A tracking tree for the active work space

git.vger.kernel.org archive mirror
 help / color / mirror / Atom feed

* A tracking tree for the active work space
@ 2007-03-11 14:06 Jon Smirl
  2007-03-11 20:15 ` Junio C Hamano
  0 siblings, 1 reply; 7+ messages in thread
From: Jon Smirl @ 2007-03-11 14:06 UTC (permalink / raw)
  To: Shawn O. Pearce, Git Mailing List

Reading the other thread on tracking temporary changes made me think
of using inotify with git. The basic idea would be to a daemon running
that uses inotify to listen for changes in the working tree. As these
changes happen they get committed to a tracking tree.

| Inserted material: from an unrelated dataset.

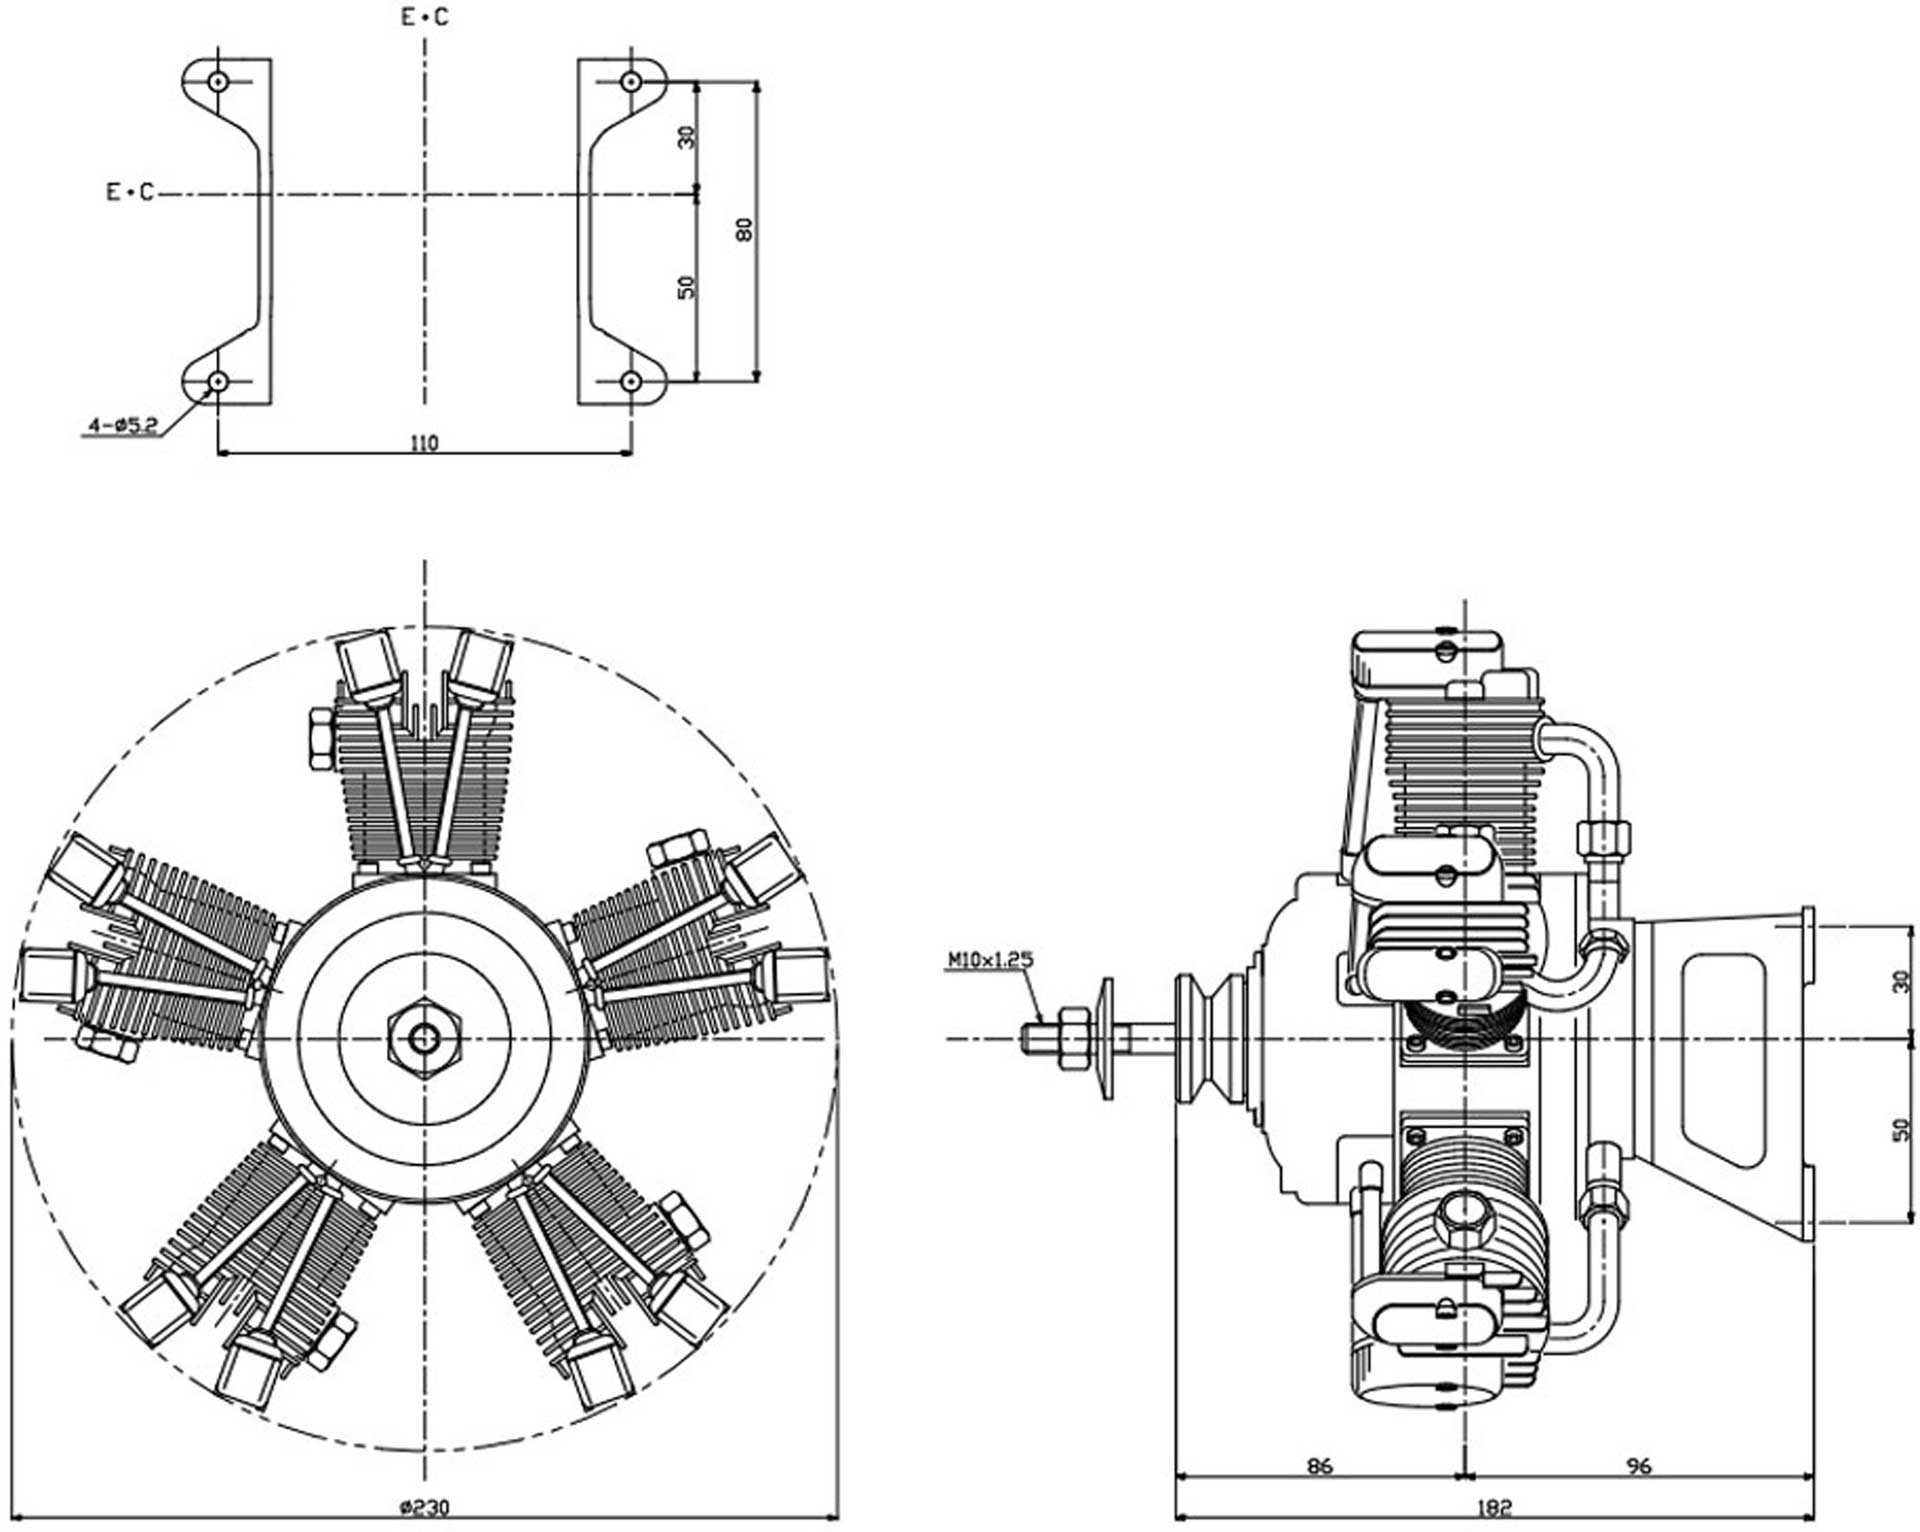 SAITO FG-73R5 BENZIN MOTOR 5-ZYLINDER

The tracking tree serves two purposes. First it is a good way to
recover from programmer error. I have definitely written big chunks of
code, discarded them, and then realized later that they were the right
solution and had to write them again.

The tracking tree also makes a 'git grep' for uncommitted changes
easier to implement since the changes are always committed with this
model. For dual processors the inverted index can be computed in
parallel with editing.

Of course this daemon needs some smarts. You don't want it generating
a delta the hard way from a git check out of a different workspace It
will also make real check-ins instant since you  just copy the tip of
the tacking tree.

-- 
Jon Smirl
jonsmirl@gmail.com

^ permalink raw reply	[flat|nested] 7+ messages in thread

* Re: A tracking tree for the active work space
  2007-03-11 14:06 A tracking tree for the active work space Jon Smirl
@ 2007-03-11 20:15 ` Junio C Hamano
  2007-03-11 20:35   ` Jon Smirl
  0 siblings, 1 reply; 7+ messages in thread
From: Junio C Hamano @ 2007-03-11 20:15 UTC (permalink / raw)
  To: Jon Smirl; +Cc: Shawn O. Pearce, Git Mailing List

"Jon Smirl" <jonsmirl@gmail.com> writes:

> Reading the other thread on tracking temporary changes made me think
> of using inotify with git. The basic idea would be to a daemon running
> that uses inotify to listen for changes in the working tree. As these
> changes happen they get committed to a tracking tree.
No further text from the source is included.